> _Task instructions_
Repeat precisely the span of lines below that opens with the line containing "Women's Reebok Forever" and closes with the line containing "Hot Rod El Camino muscle car", both included.
##### The records #####
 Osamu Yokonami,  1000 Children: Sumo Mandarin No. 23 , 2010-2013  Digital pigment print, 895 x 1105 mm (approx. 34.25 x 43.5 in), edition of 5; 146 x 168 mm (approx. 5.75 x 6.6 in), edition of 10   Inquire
#####
##### The records #####
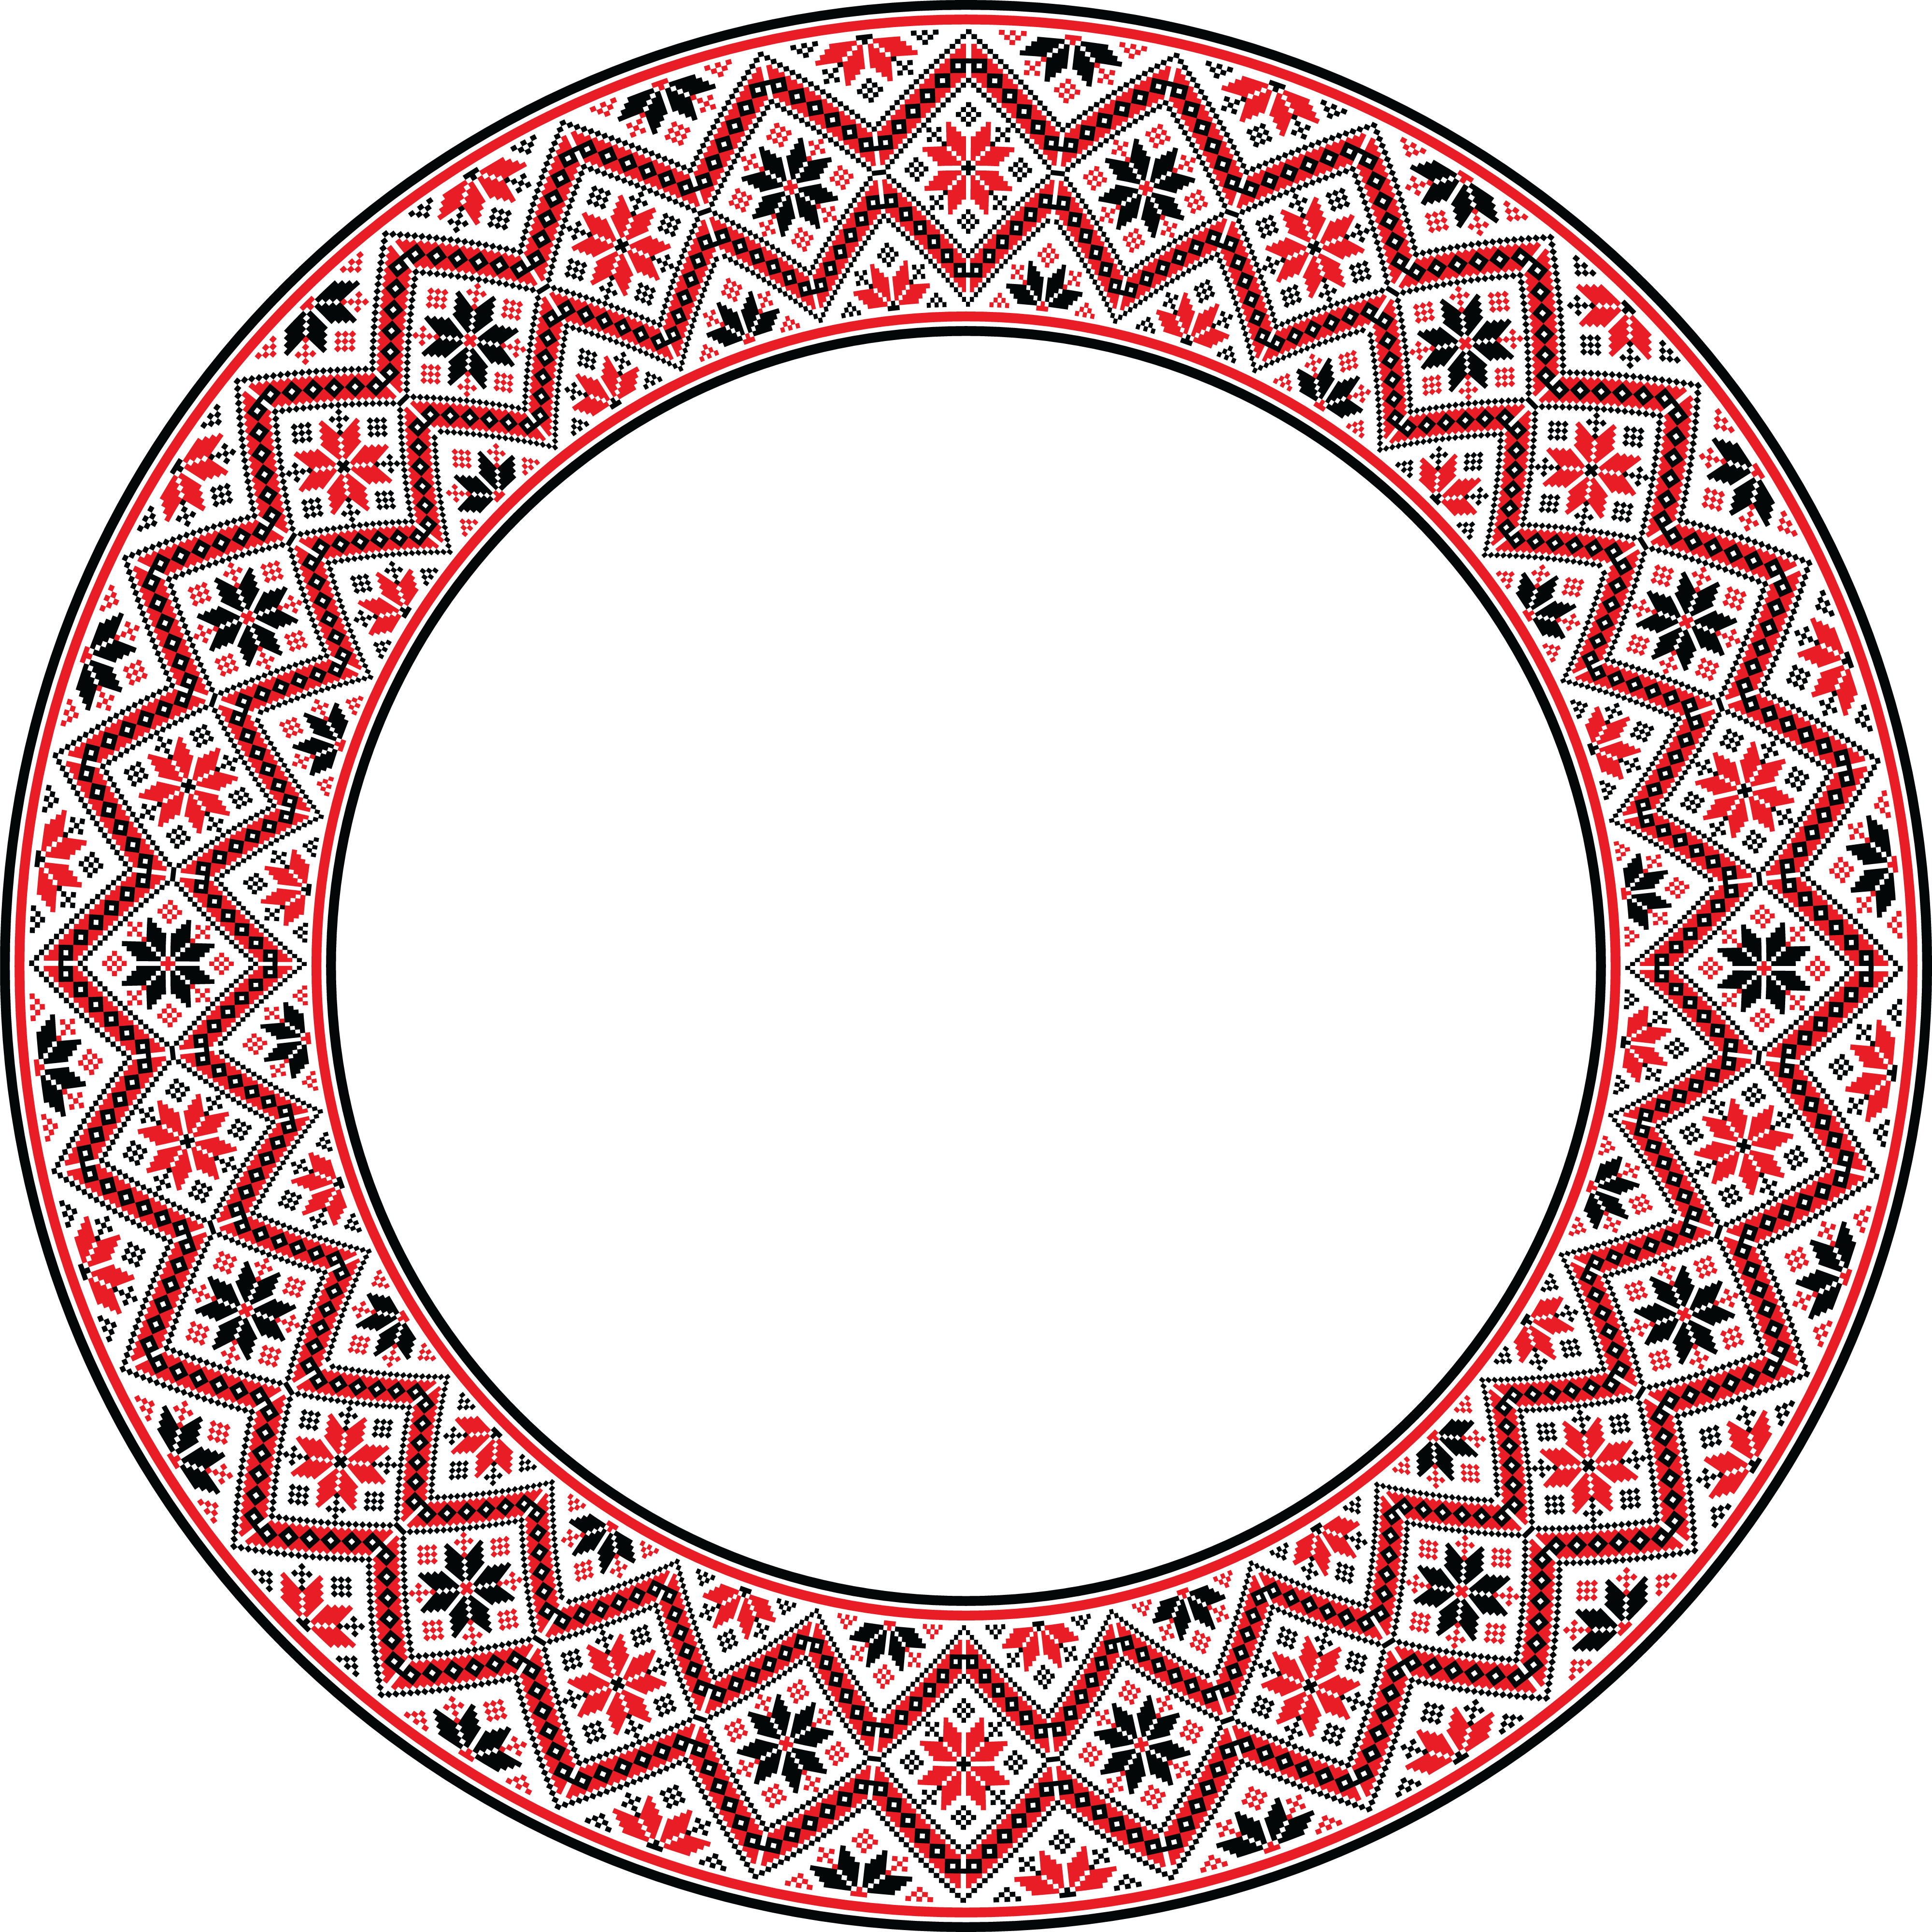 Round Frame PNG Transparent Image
#####
##### The records #####
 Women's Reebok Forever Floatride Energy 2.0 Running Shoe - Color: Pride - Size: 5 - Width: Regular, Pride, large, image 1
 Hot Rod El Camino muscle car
#####
> _Exercise output_
 Women's Reebok Forever Floatride Energy 2.0 Running Shoe - Color: Pride - Size: 5 - Width: Regular, Pride, large, image 1
 Hot Rod El Camino muscle car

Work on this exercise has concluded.